An overview of the file formats accepted by Kover.
Genomic Data
Kover currently accepts genomic data in three formats:
-
reads: a set of FASTQ files containing genomic reads
-
contigs: a set of FASTA files containing assembled genomic sequences
-
k-mer matrix: a matrix giving the presence/absence of each k-mer in each genome
Reads
In this case, the genomic data is available as a set of FASTQ files.
There can be more than one read file per genome.
You must provide a tab-separated value (TSV) file relating each genome to a folder containing its reads files.
It should have the following format:
|
|
GenomeID_1 |
Read_folder_1 |
GenomeID_2 |
Read_folder_1 |
… |
… |
GenomeID_m |
Read_folder_m |
*Please make sure that the genome identifiers in the TSV file match the ones in the metadata.
Contigs
In this case, the genomic data is available as a set of FASTA files (one per genome).
Each file contains a set of contigs, which are assembled genomic sequences.
You must provide a tab-separated value (TSV) file relating each FASTA file to a genome.

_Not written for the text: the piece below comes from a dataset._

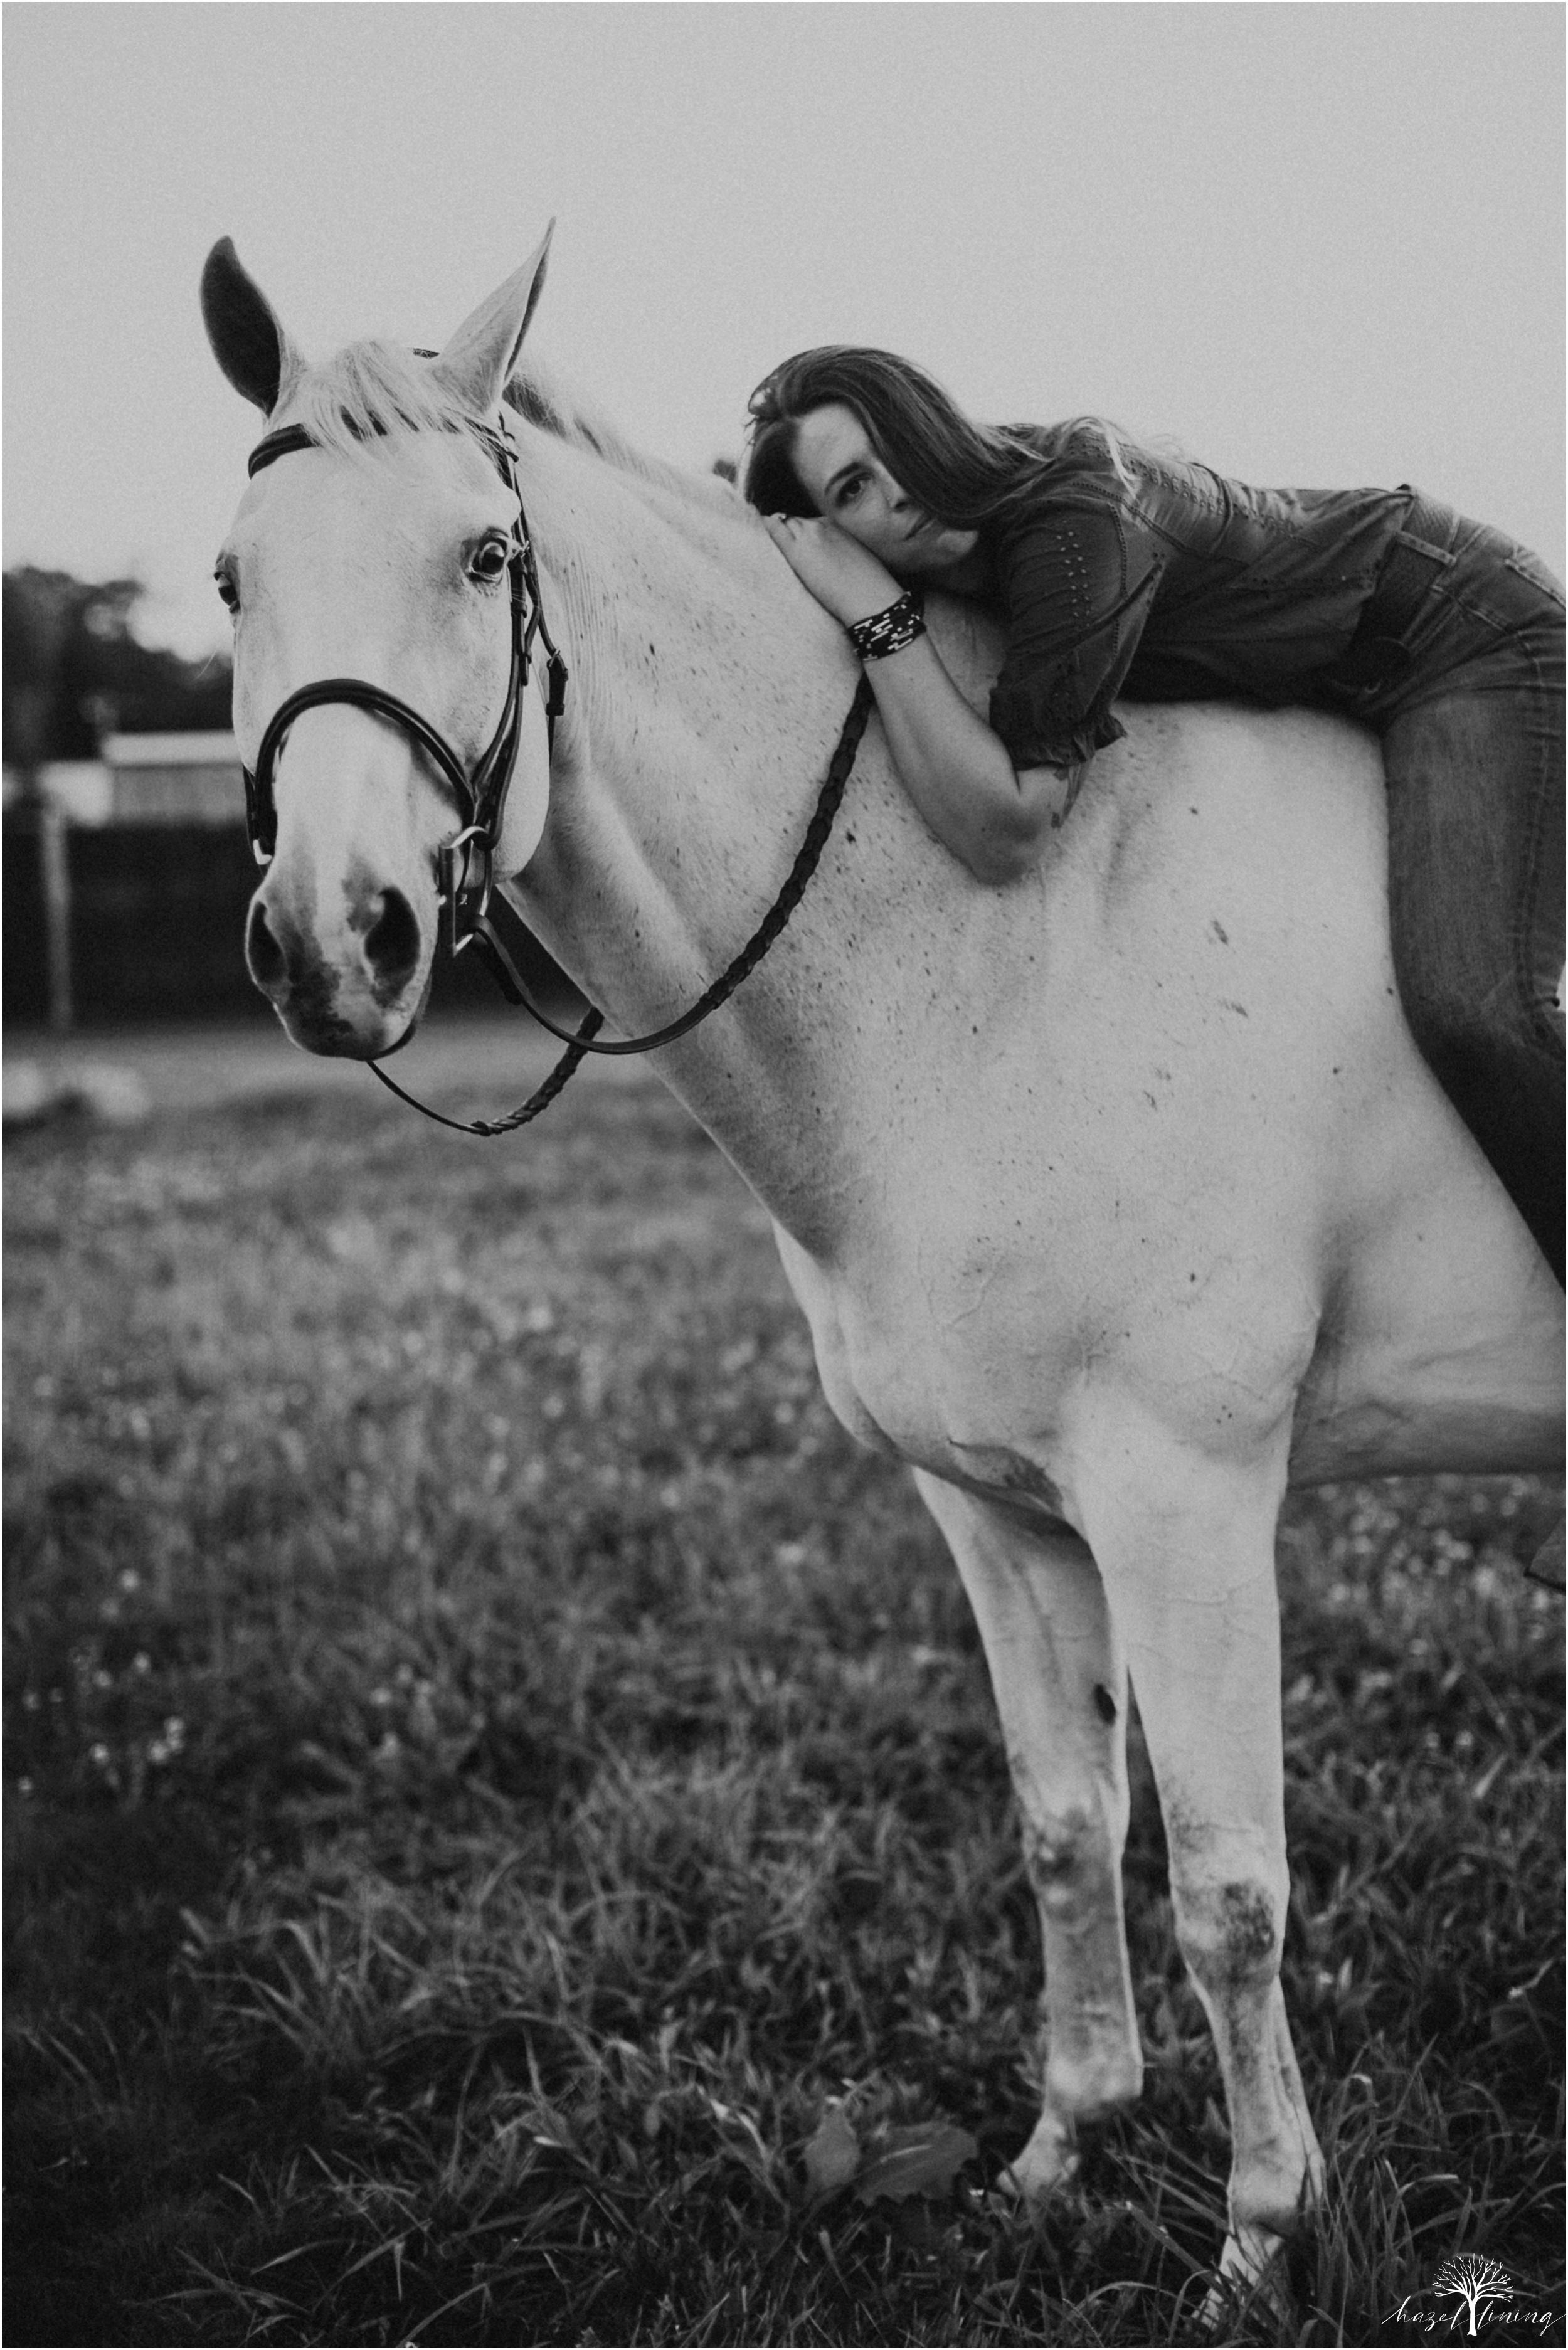 taylor-adams-and-horse-delaware-valley-university-delval-summer-equestrian-portrait-session-hazel-lining-photography-destination-elopement-wedding-engagement-photography_0039.jpg

It should have the following format:
|
|
GenomeID_1 |
FASTA_Path_1 |
GenomeID_2 |
FASTA_Path_2 |
… |
… |
GenomeID_m |
FASTA_Path_m |
*Please make sure that the genome identifiers in the TSV file match the ones in the metadata.
K-mer matrix
In this case, the genomic data is available as a tab-separated value (TSV) file where:
-
The first line is a header, with the first column labelled “kmers” and the remaining columns labelled with
genome identifiers. For example, for a study based on 100 genomes, there should be 101 columns in the file.
-
Each of the remaining lines gives the presence or absence of a k-mer in each genome. Each line starts with the
k-mer sequence and the remaining columns contain a 0 if the k-mer is absent in the genome or a 1 if it is
present.
-
Important note: The k-mer sequences (kmer_1, …, kmer_2) are assumed to be of the same length. This allows for fast counting of the number of lines in the matrix file. If you use k-mers of variable lengths, simply pad the sequences to make them the same length.
kmers |
GenomeID_1 |
GenomeID_2 |
… |
GenomeID_m |
kmer_1 |
1 |
0 |
… |
0 |
kmer_2 |
0 |
1 |
… |
1 |
… |
… |
… |
… |
… |
kmer_n |
1 |
0 |
… |
1 |
Such a matrix can be generated with Ray Surveyor.
*Please make sure that the genome identifiers in the k-mer matrix match the ones in the metadata.
The metadata must be provided as a two-column TSV file. Each line contains a genome identifier and a binary value (0 or
1) indicating its associated phenotype. The meaning of each value is arbitrary, as it only specifies a grouping of
genomes. This is the phenotypic data that will be used to train the learning algorithm.
|
|
GenomeID_1 |
1 |
GenomeID_2 |
0 |
… |
… |
GenomeID_m |
0 |
*Notice that there is no header.
*Please make sure that the genome identifiers in the metadata match the ones in the genomic data.